We investigate the relationship between complex conductivity spectra and both permeability and pore mean size and distribution of 22 core samples (21 volcanic rocks and 1 clayey sandstone). The volcanic core samples were extracted from a wellbore drilled for the Humu‘ula Groundwater Research Project in the Humu‘ula saddle region between Mauna Kea and Mauna Loa volcanoes (Hawaii). The quadrature conductivity spectra of volcanic rocks exhibit a subtle, but generally detectable, relaxation frequency in the range 0.3 Hz to 45 kHz similar to the relaxation frequency observed for clayey sandstones. We find a fair relationship between this relaxation frequency and the pore size determined by mercury porosimetry. Combined with the intrinsic formation factor of the core samples, the relaxation frequency can be used as an indicator of the permeability of the material. The predicted values of the permeability are grossly consistent with the permeability values to air (in the range 0.001–100 mD) within two orders of magnitude. The measured permeability values are highly correlated to the peak of the pore size distribution determined from mercury porosimetry divided by the intrinsic formation factor. By fitting the complex conductivity spectra with the pore size distribution, we obtain the normalized chargeability of the core samples, which is, in turn, highly correlated to the measured cation exchange capacity.

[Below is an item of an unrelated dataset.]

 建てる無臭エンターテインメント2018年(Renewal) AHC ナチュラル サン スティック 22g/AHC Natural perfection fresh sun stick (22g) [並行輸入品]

My first research work, on geoelectrical characterization of volcanic rocks (1/3)

We performed complex conductivity measurements on 28 core samples from the hole drilled for the Humu’ula Groundwater Research Project (Hawai’i Island, HI, USA). The complex conductivity measurements were performed at 4 different pore water conductivities (0.07, 0.5, 1.0 or 2.0, and 10 S m −1 prepared with NaCl) over the frequency range 1 mHz to 45 kHz at 22 ± 1◦ C. The in-phase conductivity data are plotted against the pore water conductivity to determine, sample by sample, the intrinsic formation factor and the surface conductivity.The intrinsic formation factor is related to porosity by Archie’s law with an average value of the cementation exponent m of 2.45, indicating that only a small fraction of the connected pore space controls the transport properties. Both the surface and quadrature conductivities are found to be linearly related to the cation exchange capacity of the material, which was measured with the cobalt hexamine chloride method. Surface and quadrature conductivities are found to be proportional to each other like for sedimentary siliclastic rocks. A Stern layer polarization model is used to explain these experimental results. Despite the fact that the samples contain some magnetite (up to 5 per cent wt.), we were not able to identify the effect of this mineral on the complex conductivity spectra. These results are very encouraging in showing that galvanometric induced polarization measurements can be used in volcanic areas to separate the bulk from the surface conductivity and therefore to define some alteration attributes. Such a goal cannot be achieved with resistivity alone.